In the case of Pakistan, the truth of the matter is: Musharraf is not a wonderful leader, but he provides some stability in Pakistan. And there is a great risk, if he's overthrown, about a radical government taking over.

They have a nuclear weapon. They're in constant tension with India, which also has a nuclear weapon, over Kashmir. I mean, it's a dangerous, volatile situation.

But the last thing I want to say about this is it's not shocking that -- first of all, I think Senator Obama is entitled to express his view. And it's not shocking that people who have been in Washington a long time criticize him when he comes along and expresses his view.

EDWARDS: I think his view adds something to this debate, and I think he ought to be able to express it.

STEPHANOPOULOS: But is he right or wrong?

EDWARDS: On which issue?

STEPHANOPOULOS: The one I just asked, was there a difference between Senator Clinton and Senator Obama on this issue.

EDWARDS: I personally think, and I would as president, not talk about hypotheticals in nuclear weapons. I think that's not a healthy thing to do. I think what it does for the president of the United States is it effectively limits your options. And I do not want to limit my options, and I don't want to talk about hypothetical use of nuclear weapons.

I would add to that that I think what the president of the United States should actually do, beyond stopping bunker-buster nuclear weapons, which this administration's moving forward with, is what America should do and what I would do as president, is to actually lead an international effort over time to eliminate nuclear weapons from the planet. That's the way to make the planet more secure.

Another good exchange:

STEPHANOPOULOS: But when you say that, are you saying that Senator Clinton is part of the failed politics of Washington, or not?

OBAMA: What I'm suggesting is that we're going to need somebody who can break out of the political patterns that we've been in over the last 20 years. And part of that is the notion that half the country's on one side; the other half's on the other.

OBAMA: You maybe have a few people in Iowa or a few people in Ohio and Florida who we're all battling over, and afterwards, we can't govern.

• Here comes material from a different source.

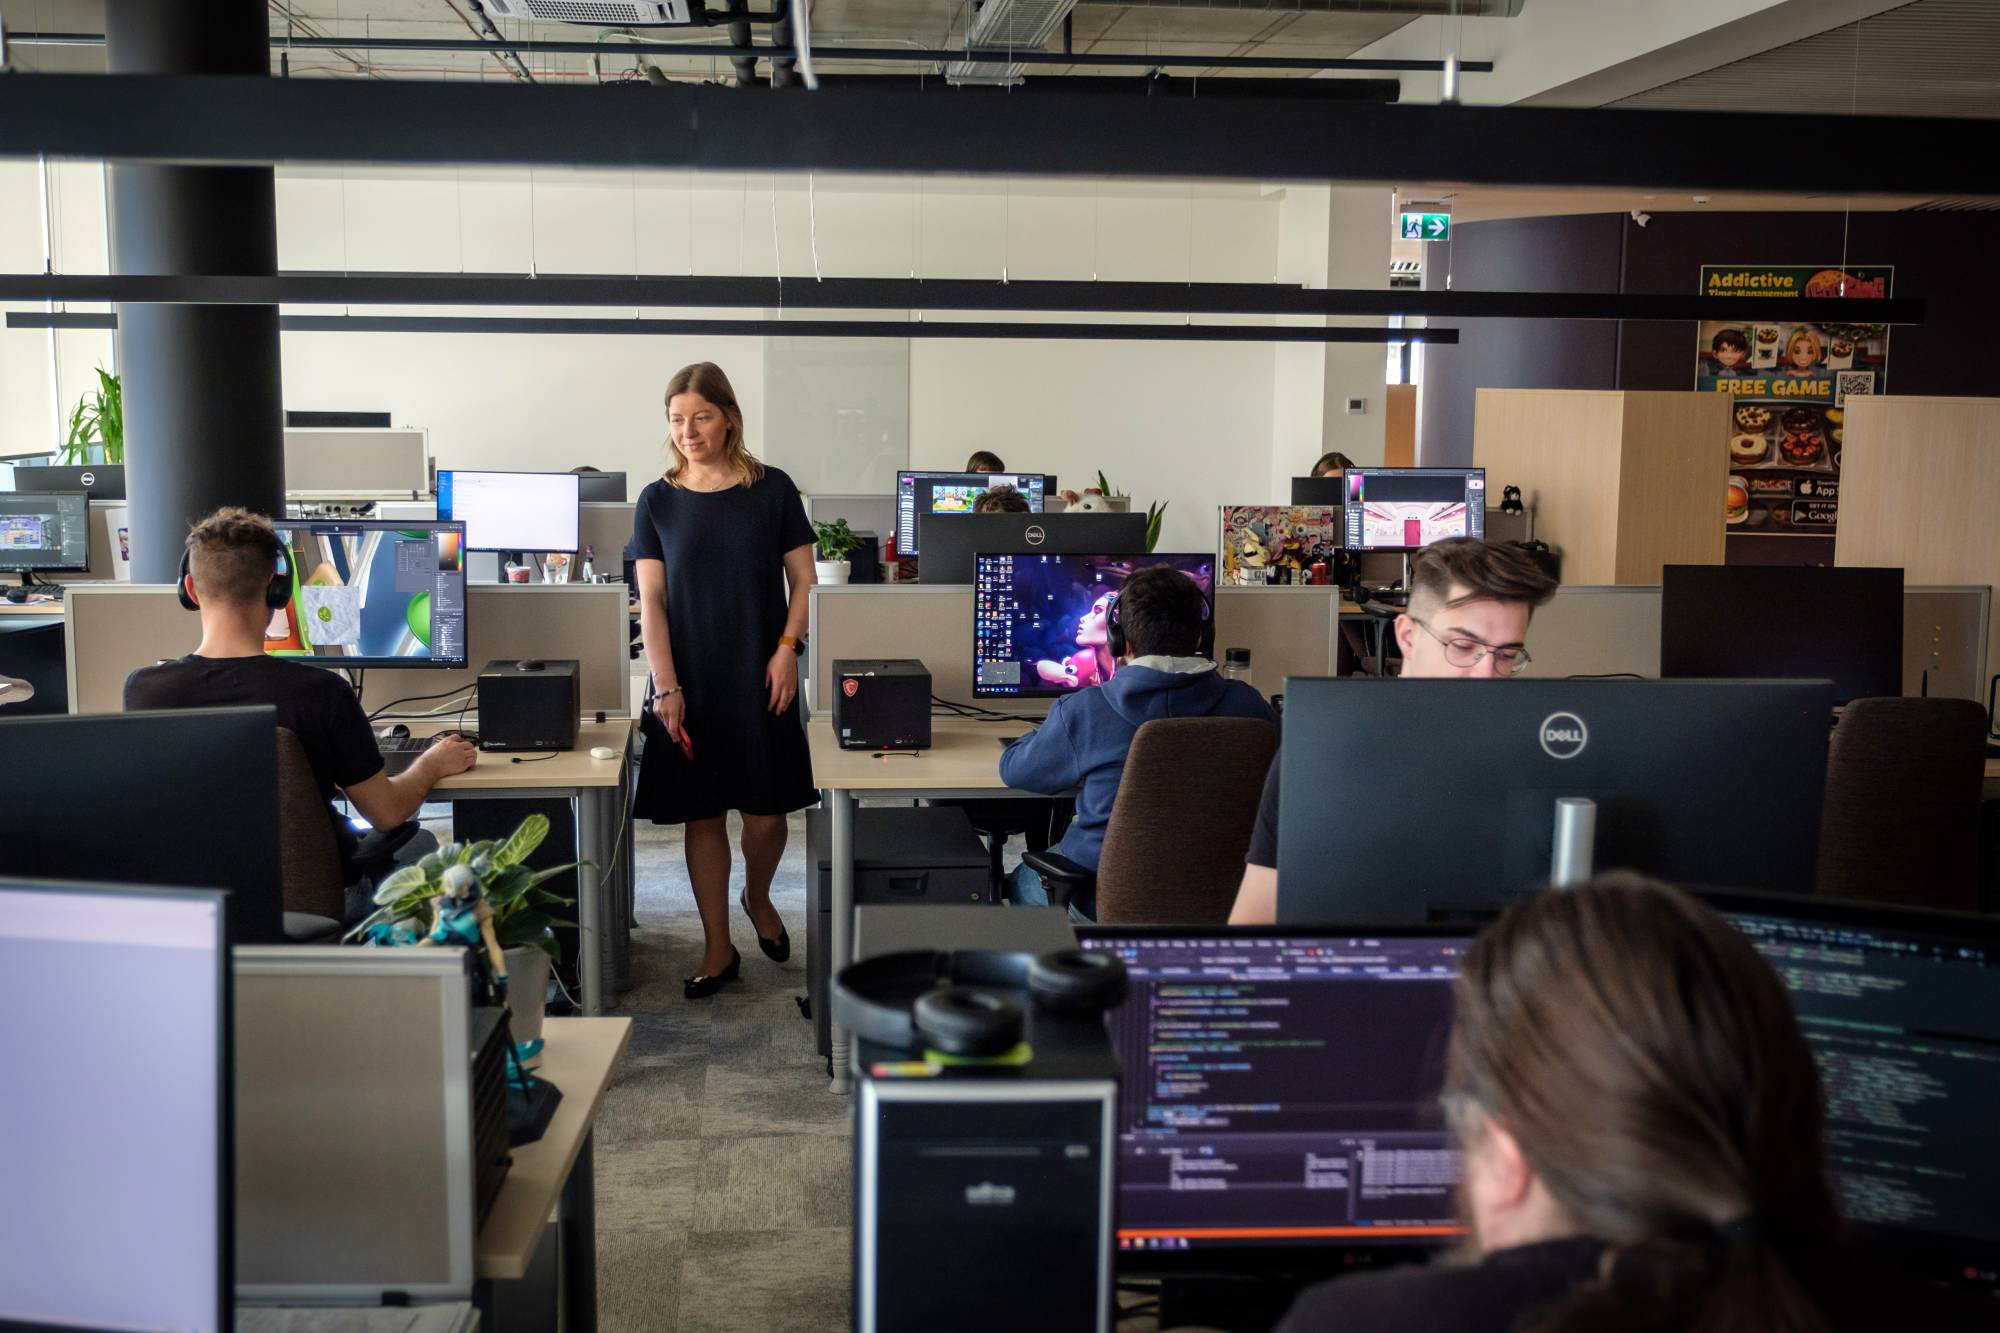 Victoria Trofimova, chief executive of the game-maker Nordcurrent, at the company’s headquarters in Vilnius, Lithuania, on May 23. She arranged for the safe passage of 51 people out of Ukraine. | GORDON WELTERS / THE NEW YORK TIMES

And what I'm interested in is not only winning the election, but also providing relief to people who don't have health care, making sure that we're tackling climate change in a serious way. And I think that's going to require building a new majority, getting new people involved in the process, and I wouldn't be running if I didn't believe that I was the person best equipped to do that.

(APPLAUSE)

STEPHANOPOULOS: So the answer is yes?

OBAMA: The answer is: I would not be running if I did not believe that I was the best person to do this.

EDWARDS: Well, let me just say -- I have a slightly different view. Here's what I believe. I think we were out of power in the Congress for 13 years. In November of 2006, the Democrats took over the Congress again. I think there was a reason for that. Because the Democrats in November of 2006 stood for change.

America wants change in the most serious way. And if we become the party of status quo in 2008, that's a loser.

EDWARDS: If we...

STEPHANOPOULOS: Well, that is the fundamental question, though.

EDWARDS: ... maintain -- but let me finish. If we maintain the momentum of change, yes, we will win again in 2008. I think that's the question. And the real question for Democratic caucus-goers and voters across this country is, "Who's most likely to bring about change?"

Here's what I believe: I don't believe you can change this country without taking on very entrenched interests in Washington, including lobbyists, that stand between us and the change America needs. And I don't believe you can do it by sitting at a table, negotiating with them and trying to bring them together.

These people will never give away their power voluntarily. We have to take their power away from them. This is what I've been doing my whole life, and that is why I believe I am the candidate who can bring change to this country

STEPHANOPOULOS: And you're seeing that Senator Clinton is not?

EDWARDS: Listen, Senator Clinton, both as first lady and as a United States senator, has done a terrific job. She's been in Washington a long time. I've asked -- Senator, I have never taken money from Washington lobbyists.Senator Obama is not taking it in this campaign. I applaud him for that. And I've said: Why don't we all make an absolutely clear statement that we are the Democratic Party; we're the party of the people; we are not the party of Washington insiders?

And we can say it clearly and unequivocally, by saying we will never take another dime from a Washington lobbyist...

STEPHANOPOULOS: How about this point, though, that Senator Edwards raises? He says the fact that you're taking money from lobbyists symbolizes that you're part of the status quo, part of the failed politics of Washington.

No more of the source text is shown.